Output the data in full. Keep every word exact and exclude the pictures.

▶ _Stored data_
****************
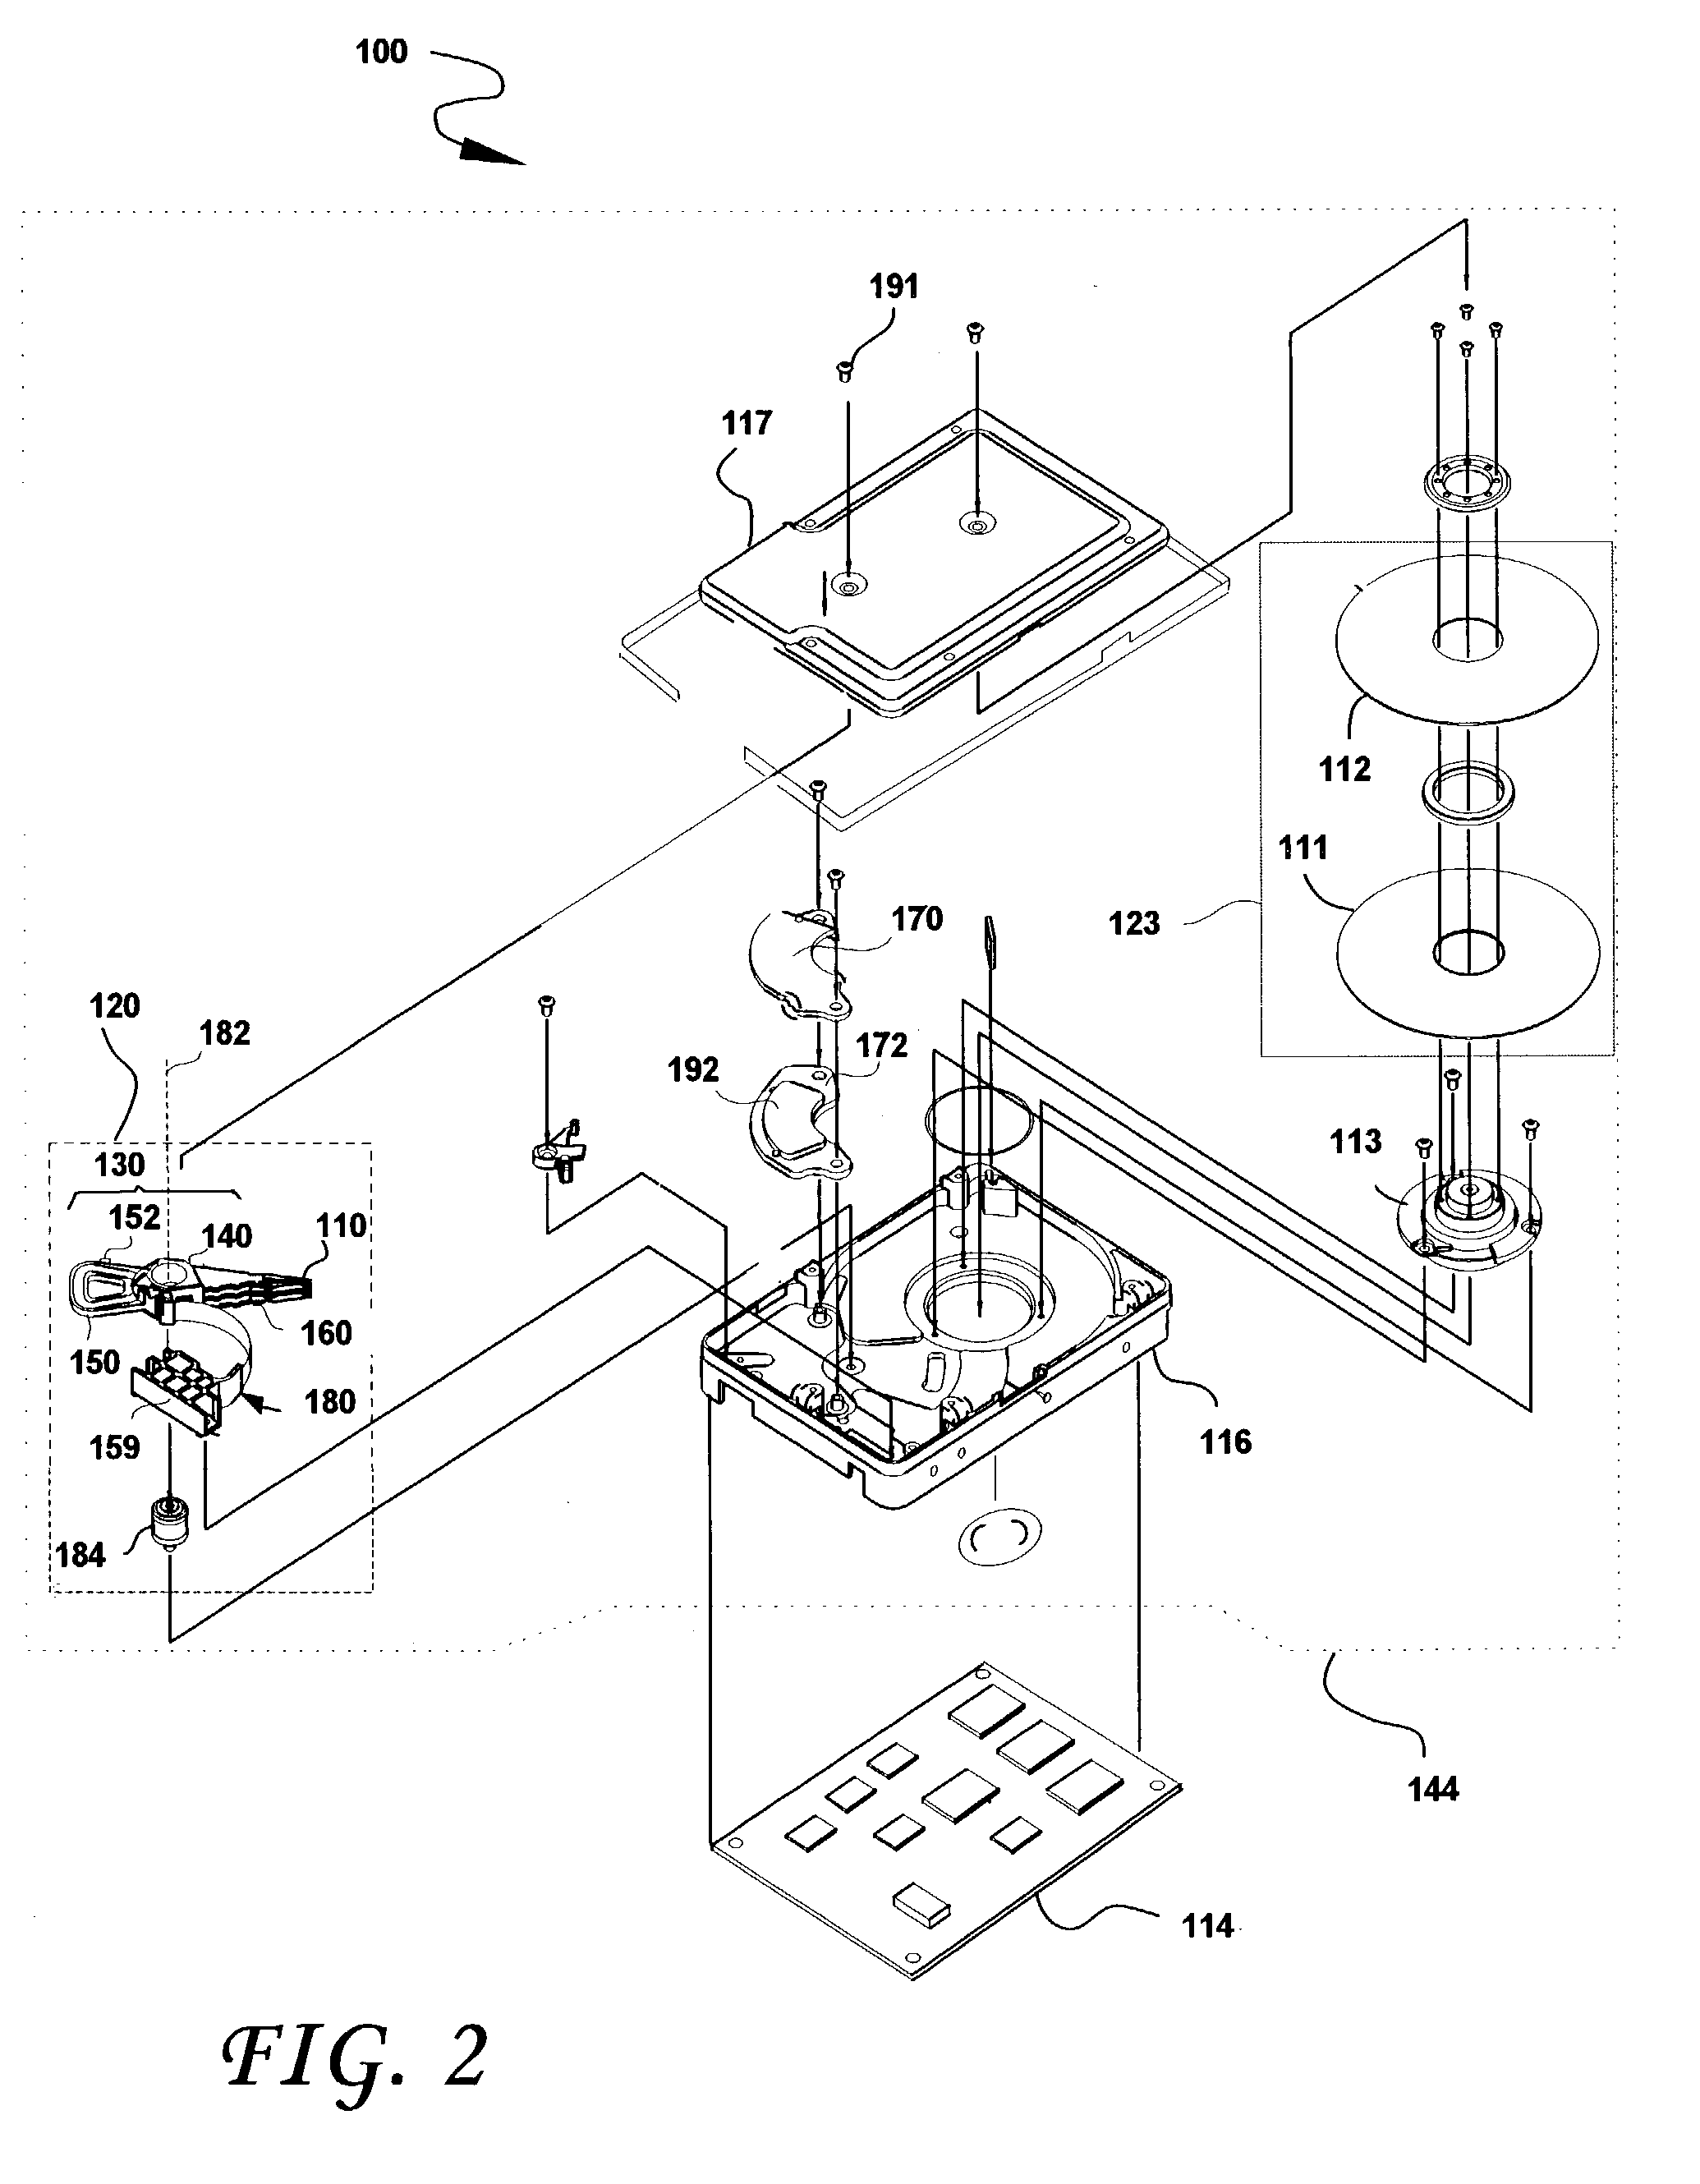 Cleating features to improve adhesive interface between an actuator tang and a tang-supporting surface of an actuator assembly of a hard disk drive
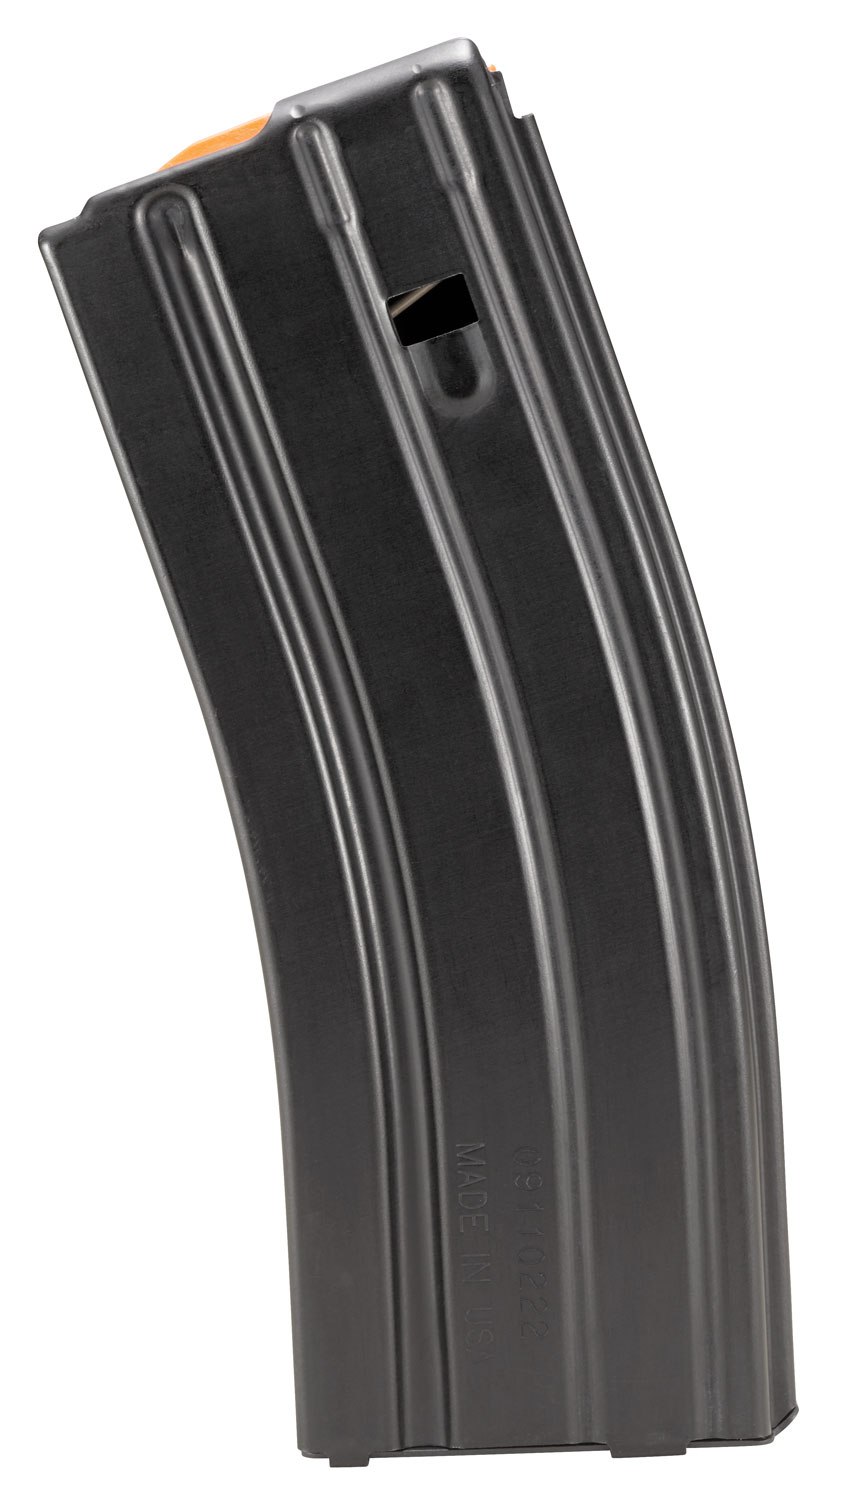 DuraMag 3023001178CP Speed Replacement Magazine Black with Orange Follower Detachable 30rd 223 Rem, 300 Blackout, 5.56x45mm NATO for AR-15
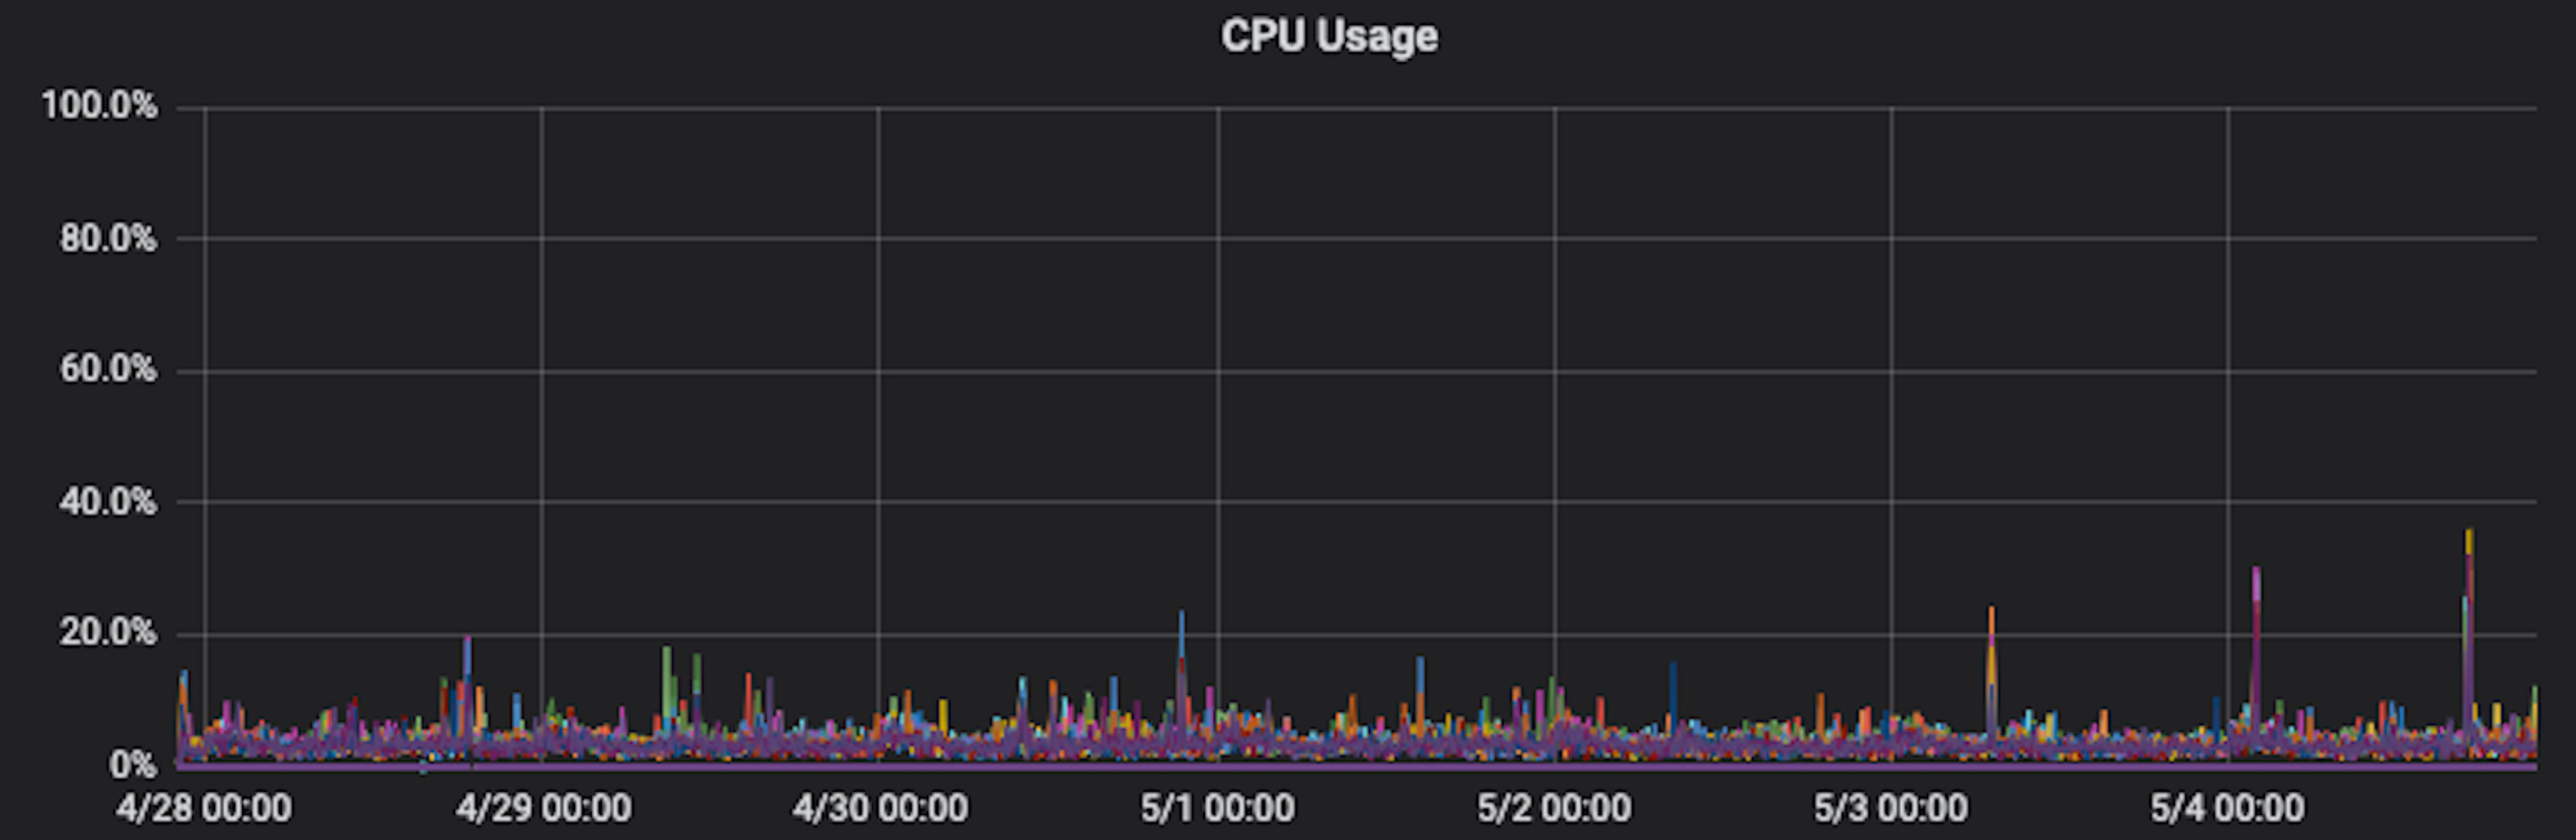 Flat CPU Usage in the Steady State
****************
▶ _Task output_
 Cleating features to improve adhesive interface between an actuator tang and a tang-supporting surface of an actuator assembly of a hard disk drive
 DuraMag 3023001178CP Speed Replacement Magazine Black with Orange Follower Detachable 30rd 223 Rem, 300 Blackout, 5.56x45mm NATO for AR-15
 Flat CPU Usage in the Steady State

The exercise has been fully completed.